It was my Dad’s 73rd birthday, ten days after the death of my father-in-law. I planned to call my Dad when I got home from the gym and have a nice long chat with him while my children were in school. But the day did not go as planned.
It was September 11, 2001.
I never made it to the gym, while driving there a special alert came on the radio. A plane had flown into the World Trade Tower. I turned my car around and went home. I grew up in New Jersey. My entire family, except for one cousin, lived in the metropolitan New York City area. So many worked and lived in Manhattan. I was a little scared.
My sister worked near to the Towers, and that was where her subway station was located. It was about 9:40 am NY time. And I needed to hear her voice.
My first call was to my parents. They were watching the Towers from their apartment window. My father was beside himself. We had watched the Towers be built in NYC from the Jersey side. He loved them. In fact, my daughter thought my Dad owned the Towers, he talked about them so much when we drove to their apartment from Newark Airport.
But now he was watching in horror and fear. I told my Mom to give him a camera. The photo you see here of that day was taken by my Dad from their apartment. He never saw the photos he took. He gave me the unexposed film on the Thanksgiving after the Towers were destroyed. He said, “Here, I did what you asked. But I never want to see it again.”
As for my sister, I did not get to speak to her right away. She was in the City, trying to get home. And all the cell phones were out since the Towers fell. I spoke briefly to my brother in law. He was beyond upset. His anxiety oozed through the phone lines.
So I sat in my house with a neighbor, another New York area transplant. We watched the news, and over and over again watched the Towers fall. We were united in fear, until we heard that both of our sisters were safe.
Then I called the high school where my daughter was a sophomore. “Are they watching this?” I asked the school secretary. “It is on in every classroom,” she told me.
“Then I need to get a note to my daughter. Can I do that today?” I asked. “Tell her that my sister is alive, she is fine.”
“I will send the note right away,” the secretary said.
It wasn’t till 11 that evening that my Dad called to say everyone in my family was accounted for and safe. Not all families had such good news.
In Overland Park we have a 9/11 memorial. It has a piece of a steel beam from the towers that were destroyed. Since it opened two years ago, I go on September 11 and sit there for a while and think about my Dad and the changes in NYC and in the USA since the attacks.
They have a ceremony there on September 11. I do not go for that. I wait till everyone is gone. Then I sit and think. I remember my Dad and his love of the Twin Towers, and I think about the changes in the world since the horrid events that day.
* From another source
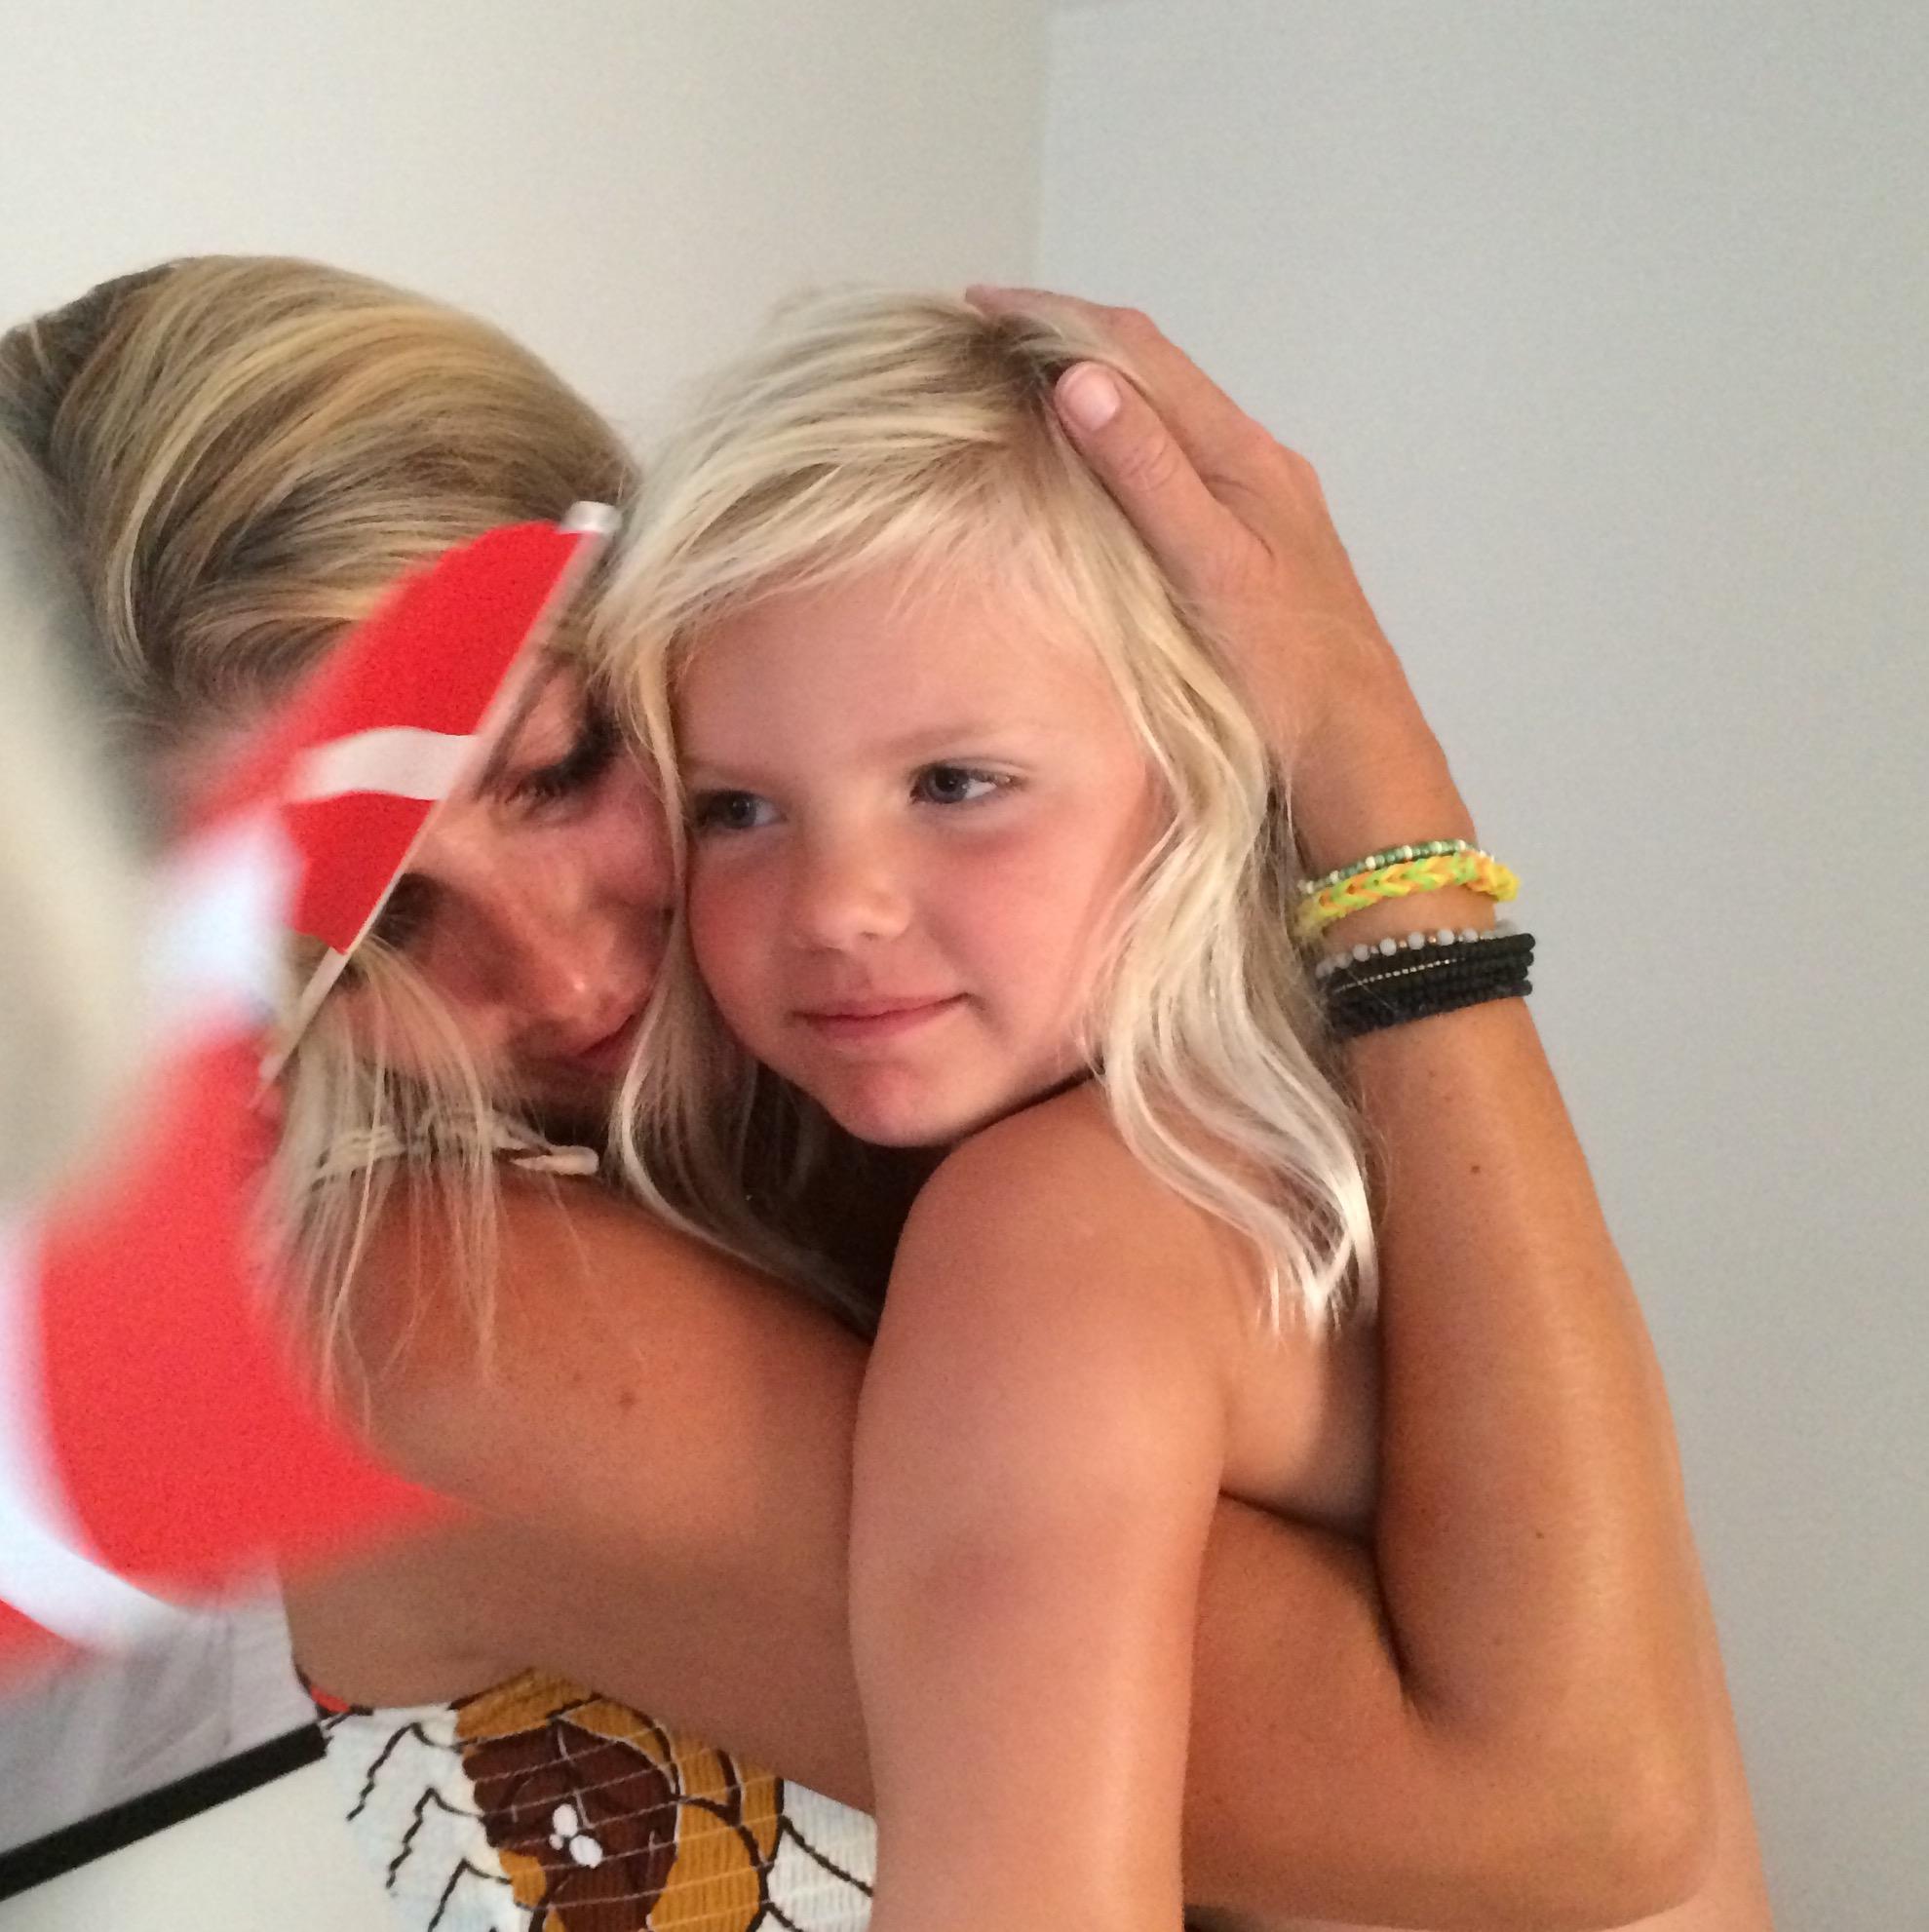 Netop min datter vil jeg gøre alt for, men 'curlingforælder' håber jeg alligevel aldrig, at jeg udvikler mig til.

This past summer, when I made my annual visit to New Jersey and New York, I went back to the site of the towers. We have many good memories concerning the site, including eating dinner at the Windows on the World restaurant the night before my sister got married.
But as I looked into the giant fountains of tears, the footprints of the towers, as I read the names of those who perished, as I saw the beautiful white roses left in the names of victims, I was hushed like all the others who were there.
I did go into the Memorial Museum. I went by myself. It was a mistake. I really think you need to go with someone to be able to share the sorrow. And parents, do not take young children behind the glass doors into the area that advises you not to take children in. No child needs to listen to the voices of those who no longer live or to see the videos of people falling. It was almost too much for me to bear. I did not linger in that area.
As you go down, down, down into the bowels of the ground between the footprints of the towers, you can only imagine the fear of those who were there that day.
It was a day like no other, leading to a world that had changed in a flash of fire. September 11 will never just be another day.
While I add September 11 to days I will never forget, and I think of all those who perished, I also know that we need to stand united.
There are people in the world who are filled with hatred. But I do not believe we should bend to their will. We remember what happen, but we also reach forward to life.
As Anne Frank stated, ““Look at how a single candle can both defy and define the darkness.”
We must, in memories of the Towers and those who perished, be candles defying darkness. As the new Freedom Tower nears completion, we know that we can bring back light.